The vulnerability to developing carpal tunnel syndrome was hotly contested. The Defendants relied on pre-accident entries in medical records to show that the claimant was a hypochondriac and, would routinely present at the GP for symptoms of one type or another without organic explanation. 

Whilst there was some evidence of the Claimant being anxious and perhaps overly health aware, he had never worked a manual job before working for the Defendants. Nor had they complained of arm or hand pain before working for the Defendants, and thus we were successfully able to negotiate that on balance of probability, the Claimant would have continued to work had the Defendants not injured him and that the carpal tunnel arguments were weak. 

Resilience was certainly required in this case to eventually successfully argue a sensible settlement, crucially without having to put the claimant through the trauma of a five-day trial in court.

We had to go right back through the claimant’s education records and obtain statements from friends, family and ex-colleagues to demonstrate the claimant’s aptitude for hard work.

Through video evidence, we were able to show precisely what the Claimant could and couldn’t do for himself. This evidence proved valuable in showing the care the claimant would need at home. We were able to secure a large award for care and assistance.

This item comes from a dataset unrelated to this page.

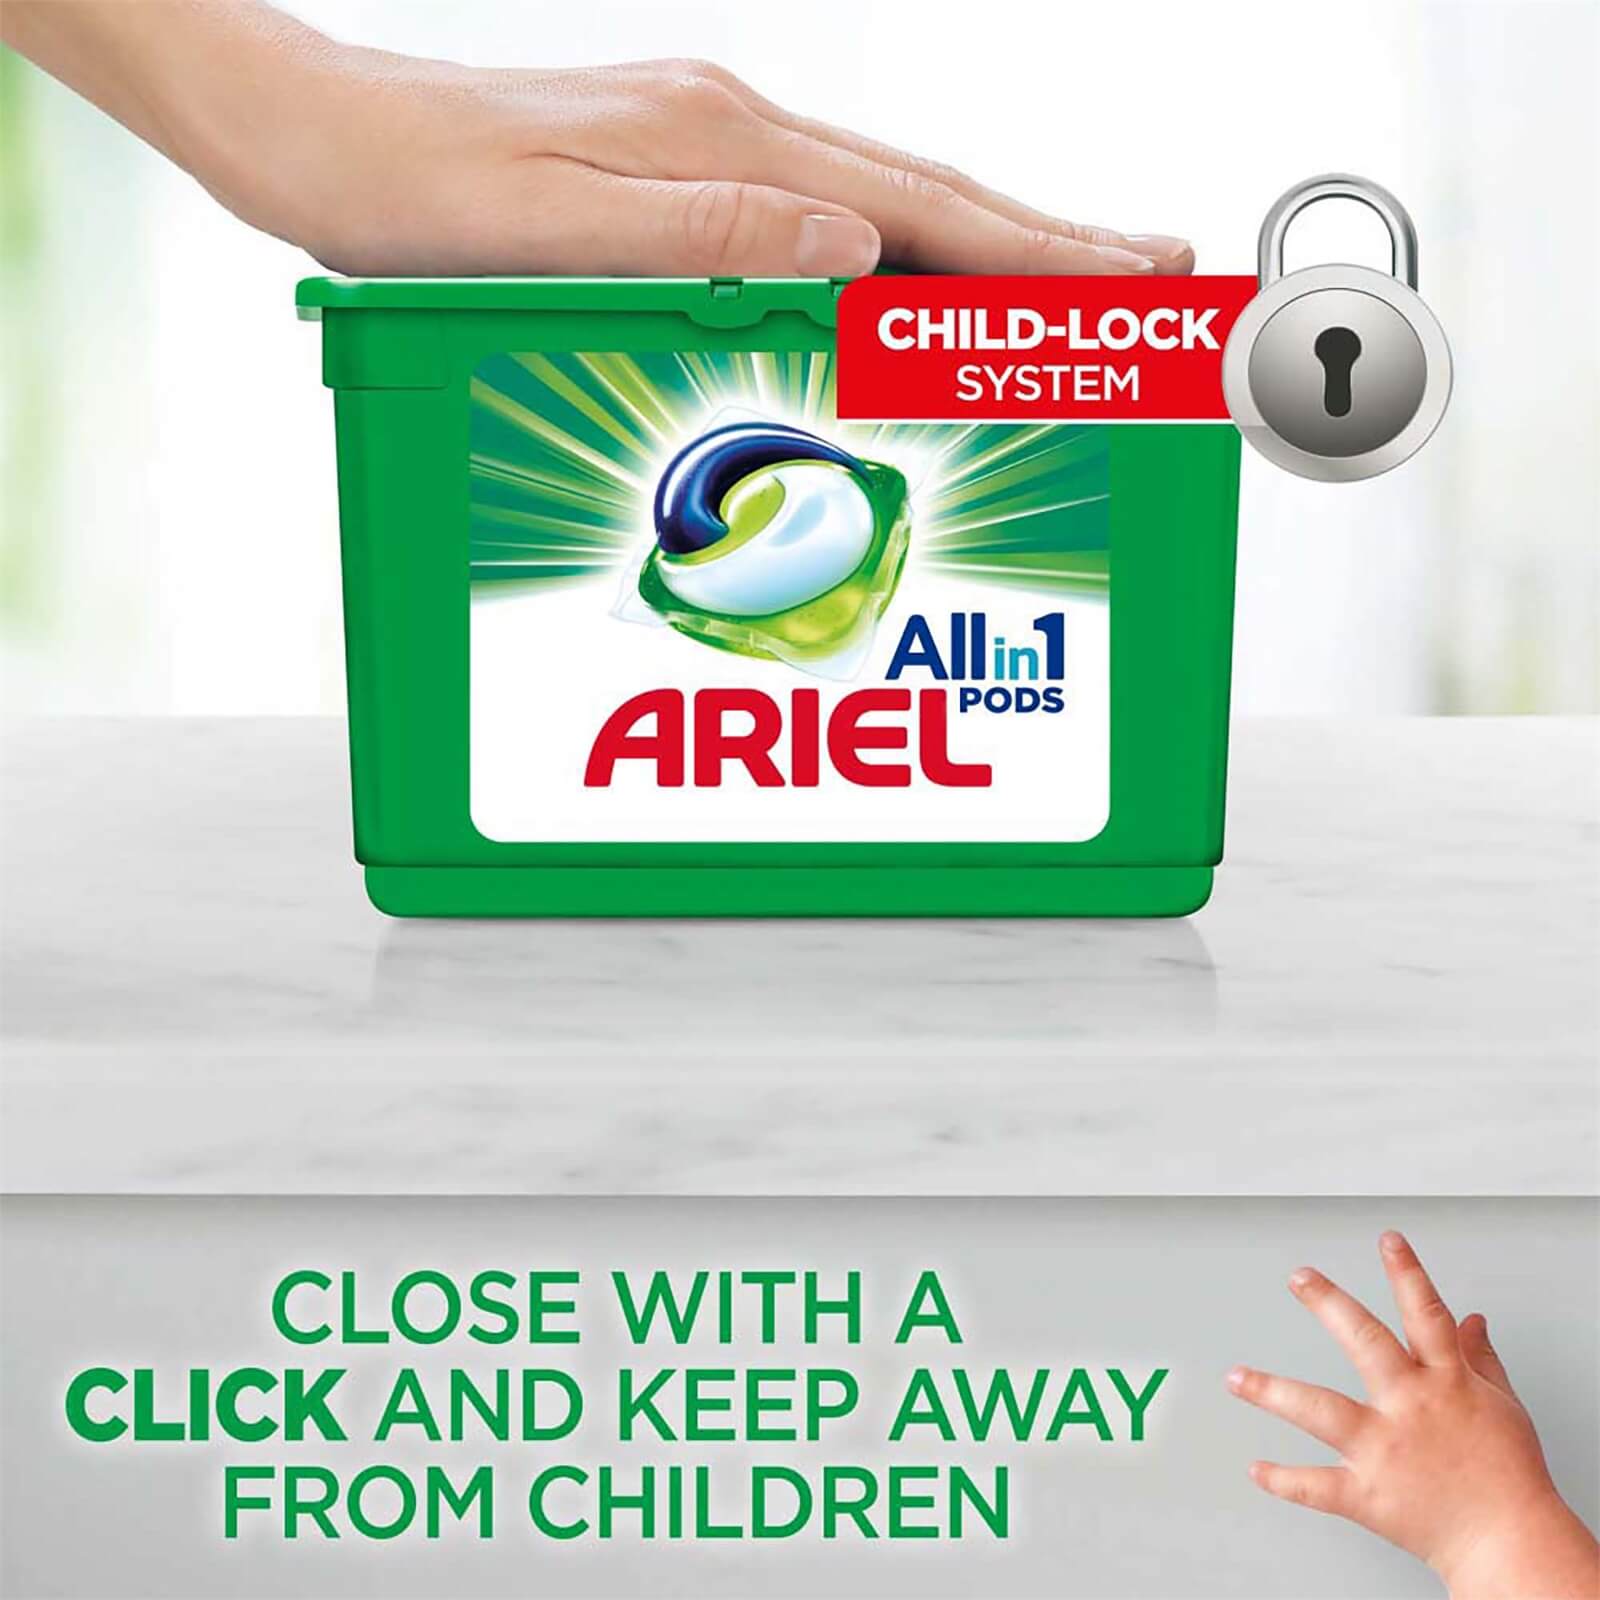 Ariel Colour All-in-1 Pods 57 Wash

The Claimant, like many of our clients, has become a huge advocate for the work we do and will say that a fifteen-minute phone call with us changed his life and he was able to transfer his case to us

He now owns multiple properties from which he derives a regular income which pays for the assistance he needs at home. He continues to seek help and support for his injuries but no longer has a mortgage and the normal stresses and strains of life have been lessened by the compensation award.